* **WHAT YOU HAVE TO DO**:
Search term "Black": copy each line of the records that contains it.

* **SOURCE RECORDS**:
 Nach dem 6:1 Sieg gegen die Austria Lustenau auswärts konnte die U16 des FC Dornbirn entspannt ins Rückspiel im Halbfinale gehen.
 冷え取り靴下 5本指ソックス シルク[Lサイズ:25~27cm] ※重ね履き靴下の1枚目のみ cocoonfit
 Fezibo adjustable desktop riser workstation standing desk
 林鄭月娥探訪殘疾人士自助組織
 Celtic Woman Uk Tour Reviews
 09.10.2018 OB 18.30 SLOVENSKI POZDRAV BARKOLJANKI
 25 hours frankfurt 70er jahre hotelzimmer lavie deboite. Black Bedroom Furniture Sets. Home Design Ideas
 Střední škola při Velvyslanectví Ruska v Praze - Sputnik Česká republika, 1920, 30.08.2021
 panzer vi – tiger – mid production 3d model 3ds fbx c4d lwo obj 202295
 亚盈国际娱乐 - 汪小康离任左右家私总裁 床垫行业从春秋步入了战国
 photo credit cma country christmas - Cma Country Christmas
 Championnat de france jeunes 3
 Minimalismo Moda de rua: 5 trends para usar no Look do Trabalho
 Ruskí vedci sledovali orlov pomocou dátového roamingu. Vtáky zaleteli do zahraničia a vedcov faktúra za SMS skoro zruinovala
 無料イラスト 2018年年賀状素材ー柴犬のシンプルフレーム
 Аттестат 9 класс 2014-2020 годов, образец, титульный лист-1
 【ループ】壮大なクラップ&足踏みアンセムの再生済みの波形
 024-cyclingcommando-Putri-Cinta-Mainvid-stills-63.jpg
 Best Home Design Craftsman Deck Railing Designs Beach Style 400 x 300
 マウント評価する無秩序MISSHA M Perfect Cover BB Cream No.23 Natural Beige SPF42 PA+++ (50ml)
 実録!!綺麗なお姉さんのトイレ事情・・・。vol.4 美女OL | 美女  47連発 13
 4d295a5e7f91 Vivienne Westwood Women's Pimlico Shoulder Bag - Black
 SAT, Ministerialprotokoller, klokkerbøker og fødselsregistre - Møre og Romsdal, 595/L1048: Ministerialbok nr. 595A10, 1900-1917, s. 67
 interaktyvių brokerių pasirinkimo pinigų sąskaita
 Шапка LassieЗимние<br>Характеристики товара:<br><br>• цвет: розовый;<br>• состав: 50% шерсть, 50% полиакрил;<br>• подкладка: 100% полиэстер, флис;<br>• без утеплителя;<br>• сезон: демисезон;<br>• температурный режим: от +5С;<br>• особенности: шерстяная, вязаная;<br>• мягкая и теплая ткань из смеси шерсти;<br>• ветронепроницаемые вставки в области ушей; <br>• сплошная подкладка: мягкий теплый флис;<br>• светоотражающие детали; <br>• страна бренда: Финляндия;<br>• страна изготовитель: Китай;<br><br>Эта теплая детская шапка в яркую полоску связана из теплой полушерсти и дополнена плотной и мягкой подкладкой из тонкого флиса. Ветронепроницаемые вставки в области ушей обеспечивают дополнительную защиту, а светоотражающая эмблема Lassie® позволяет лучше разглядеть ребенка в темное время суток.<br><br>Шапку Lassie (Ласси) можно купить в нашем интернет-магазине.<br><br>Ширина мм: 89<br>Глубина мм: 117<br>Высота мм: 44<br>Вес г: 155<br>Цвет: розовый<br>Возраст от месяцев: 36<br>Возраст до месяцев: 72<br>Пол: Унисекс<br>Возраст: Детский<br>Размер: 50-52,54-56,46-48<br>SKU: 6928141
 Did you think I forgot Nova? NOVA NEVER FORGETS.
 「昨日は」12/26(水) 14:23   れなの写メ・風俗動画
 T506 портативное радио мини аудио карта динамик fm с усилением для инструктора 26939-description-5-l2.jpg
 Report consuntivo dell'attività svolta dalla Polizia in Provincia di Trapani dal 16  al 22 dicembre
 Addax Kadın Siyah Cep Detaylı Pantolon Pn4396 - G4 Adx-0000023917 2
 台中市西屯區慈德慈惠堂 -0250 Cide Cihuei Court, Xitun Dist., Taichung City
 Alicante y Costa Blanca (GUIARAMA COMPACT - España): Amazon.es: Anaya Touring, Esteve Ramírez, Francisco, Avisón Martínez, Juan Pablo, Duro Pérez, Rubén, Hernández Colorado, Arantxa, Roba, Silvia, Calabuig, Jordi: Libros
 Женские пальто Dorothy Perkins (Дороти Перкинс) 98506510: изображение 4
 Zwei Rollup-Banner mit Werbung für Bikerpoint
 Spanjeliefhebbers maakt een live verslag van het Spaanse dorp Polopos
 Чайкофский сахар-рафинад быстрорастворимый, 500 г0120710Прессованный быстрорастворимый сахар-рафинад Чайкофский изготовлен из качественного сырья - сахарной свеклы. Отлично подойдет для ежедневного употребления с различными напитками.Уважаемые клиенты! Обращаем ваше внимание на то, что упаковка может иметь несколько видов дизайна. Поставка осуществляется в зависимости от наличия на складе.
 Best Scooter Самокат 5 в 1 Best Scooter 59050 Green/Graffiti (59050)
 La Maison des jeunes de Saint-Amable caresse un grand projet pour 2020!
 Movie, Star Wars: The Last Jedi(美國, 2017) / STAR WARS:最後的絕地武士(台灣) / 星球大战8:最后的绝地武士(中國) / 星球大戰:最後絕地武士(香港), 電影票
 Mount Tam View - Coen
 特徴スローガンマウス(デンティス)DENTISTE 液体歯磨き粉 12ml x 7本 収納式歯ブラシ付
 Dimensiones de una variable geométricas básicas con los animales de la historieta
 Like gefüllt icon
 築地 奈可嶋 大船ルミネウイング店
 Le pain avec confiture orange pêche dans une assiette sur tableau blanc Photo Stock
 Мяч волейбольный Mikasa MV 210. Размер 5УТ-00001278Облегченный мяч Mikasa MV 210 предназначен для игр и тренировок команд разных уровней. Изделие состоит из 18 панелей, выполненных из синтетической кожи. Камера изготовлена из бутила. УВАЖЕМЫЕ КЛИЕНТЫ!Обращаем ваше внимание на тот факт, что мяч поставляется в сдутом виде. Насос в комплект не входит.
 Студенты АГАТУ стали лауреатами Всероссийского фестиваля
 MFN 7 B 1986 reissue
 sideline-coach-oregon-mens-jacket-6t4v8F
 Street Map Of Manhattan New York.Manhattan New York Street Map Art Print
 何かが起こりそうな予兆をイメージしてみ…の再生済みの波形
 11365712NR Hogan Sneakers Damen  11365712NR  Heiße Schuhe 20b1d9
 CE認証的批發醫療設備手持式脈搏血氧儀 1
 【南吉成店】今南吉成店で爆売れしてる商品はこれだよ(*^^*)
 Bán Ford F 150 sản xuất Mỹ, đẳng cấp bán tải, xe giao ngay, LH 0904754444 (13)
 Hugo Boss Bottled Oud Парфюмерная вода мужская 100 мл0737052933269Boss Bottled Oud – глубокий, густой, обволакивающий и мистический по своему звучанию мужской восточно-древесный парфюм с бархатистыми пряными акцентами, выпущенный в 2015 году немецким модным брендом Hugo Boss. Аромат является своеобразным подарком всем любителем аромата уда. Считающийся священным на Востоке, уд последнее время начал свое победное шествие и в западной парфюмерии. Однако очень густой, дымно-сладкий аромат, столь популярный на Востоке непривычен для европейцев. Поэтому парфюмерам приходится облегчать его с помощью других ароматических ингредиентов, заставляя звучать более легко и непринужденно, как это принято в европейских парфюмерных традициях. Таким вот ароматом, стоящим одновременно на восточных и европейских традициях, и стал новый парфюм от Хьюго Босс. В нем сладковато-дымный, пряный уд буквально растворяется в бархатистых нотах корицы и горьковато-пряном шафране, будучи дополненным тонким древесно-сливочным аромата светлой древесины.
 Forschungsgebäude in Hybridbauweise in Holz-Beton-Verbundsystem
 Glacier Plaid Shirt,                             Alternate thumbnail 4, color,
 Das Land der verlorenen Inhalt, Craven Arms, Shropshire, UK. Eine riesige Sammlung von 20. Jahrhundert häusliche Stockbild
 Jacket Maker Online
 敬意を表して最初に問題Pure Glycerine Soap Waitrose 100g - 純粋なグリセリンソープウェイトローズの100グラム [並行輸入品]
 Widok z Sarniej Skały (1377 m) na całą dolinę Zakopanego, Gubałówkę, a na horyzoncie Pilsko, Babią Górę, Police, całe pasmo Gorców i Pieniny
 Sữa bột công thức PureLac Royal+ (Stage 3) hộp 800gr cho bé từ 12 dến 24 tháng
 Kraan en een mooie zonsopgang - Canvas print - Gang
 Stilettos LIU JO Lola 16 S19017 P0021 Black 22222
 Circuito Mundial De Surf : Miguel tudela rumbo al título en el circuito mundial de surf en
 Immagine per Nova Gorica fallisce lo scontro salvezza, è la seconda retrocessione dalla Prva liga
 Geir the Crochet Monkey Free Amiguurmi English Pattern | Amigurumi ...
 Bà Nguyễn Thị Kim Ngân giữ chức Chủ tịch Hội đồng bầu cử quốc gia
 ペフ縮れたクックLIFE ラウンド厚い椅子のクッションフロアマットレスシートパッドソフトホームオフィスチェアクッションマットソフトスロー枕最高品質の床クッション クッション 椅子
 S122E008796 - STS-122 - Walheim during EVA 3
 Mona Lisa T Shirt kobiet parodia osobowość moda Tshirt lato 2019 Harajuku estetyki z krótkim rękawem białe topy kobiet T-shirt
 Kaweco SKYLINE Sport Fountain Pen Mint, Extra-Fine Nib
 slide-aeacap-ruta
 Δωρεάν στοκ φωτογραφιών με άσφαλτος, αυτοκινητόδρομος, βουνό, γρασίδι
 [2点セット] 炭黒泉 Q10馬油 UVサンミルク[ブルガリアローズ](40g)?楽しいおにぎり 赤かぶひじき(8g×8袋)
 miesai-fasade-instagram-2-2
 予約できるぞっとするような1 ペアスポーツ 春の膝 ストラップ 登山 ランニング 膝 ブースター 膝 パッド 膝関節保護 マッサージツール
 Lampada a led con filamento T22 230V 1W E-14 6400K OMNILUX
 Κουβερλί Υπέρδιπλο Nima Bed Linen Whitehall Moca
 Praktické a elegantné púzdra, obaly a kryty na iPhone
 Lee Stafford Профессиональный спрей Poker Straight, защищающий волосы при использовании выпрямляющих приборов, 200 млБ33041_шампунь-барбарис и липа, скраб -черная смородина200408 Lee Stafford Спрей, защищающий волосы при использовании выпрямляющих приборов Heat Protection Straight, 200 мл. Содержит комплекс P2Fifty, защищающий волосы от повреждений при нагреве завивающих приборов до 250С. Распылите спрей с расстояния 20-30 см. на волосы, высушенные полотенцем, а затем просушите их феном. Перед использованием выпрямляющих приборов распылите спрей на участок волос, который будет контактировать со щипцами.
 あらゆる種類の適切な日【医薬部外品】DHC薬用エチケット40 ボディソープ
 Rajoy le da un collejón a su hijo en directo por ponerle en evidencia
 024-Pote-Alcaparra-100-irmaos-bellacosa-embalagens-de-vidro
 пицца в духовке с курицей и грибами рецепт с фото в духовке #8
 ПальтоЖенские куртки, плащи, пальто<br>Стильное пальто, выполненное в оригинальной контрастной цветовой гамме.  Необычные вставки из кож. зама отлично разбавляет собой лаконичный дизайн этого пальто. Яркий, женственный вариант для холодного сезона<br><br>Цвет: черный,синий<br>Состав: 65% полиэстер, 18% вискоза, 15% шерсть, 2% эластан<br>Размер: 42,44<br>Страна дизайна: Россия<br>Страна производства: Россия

* **THE ANSWER**:
 25 hours frankfurt 70er jahre hotelzimmer lavie deboite. Black Bedroom Furniture Sets. Home Design Ideas
 4d295a5e7f91 Vivienne Westwood Women's Pimlico Shoulder Bag - Black
 Stilettos LIU JO Lola 16 S19017 P0021 Black 22222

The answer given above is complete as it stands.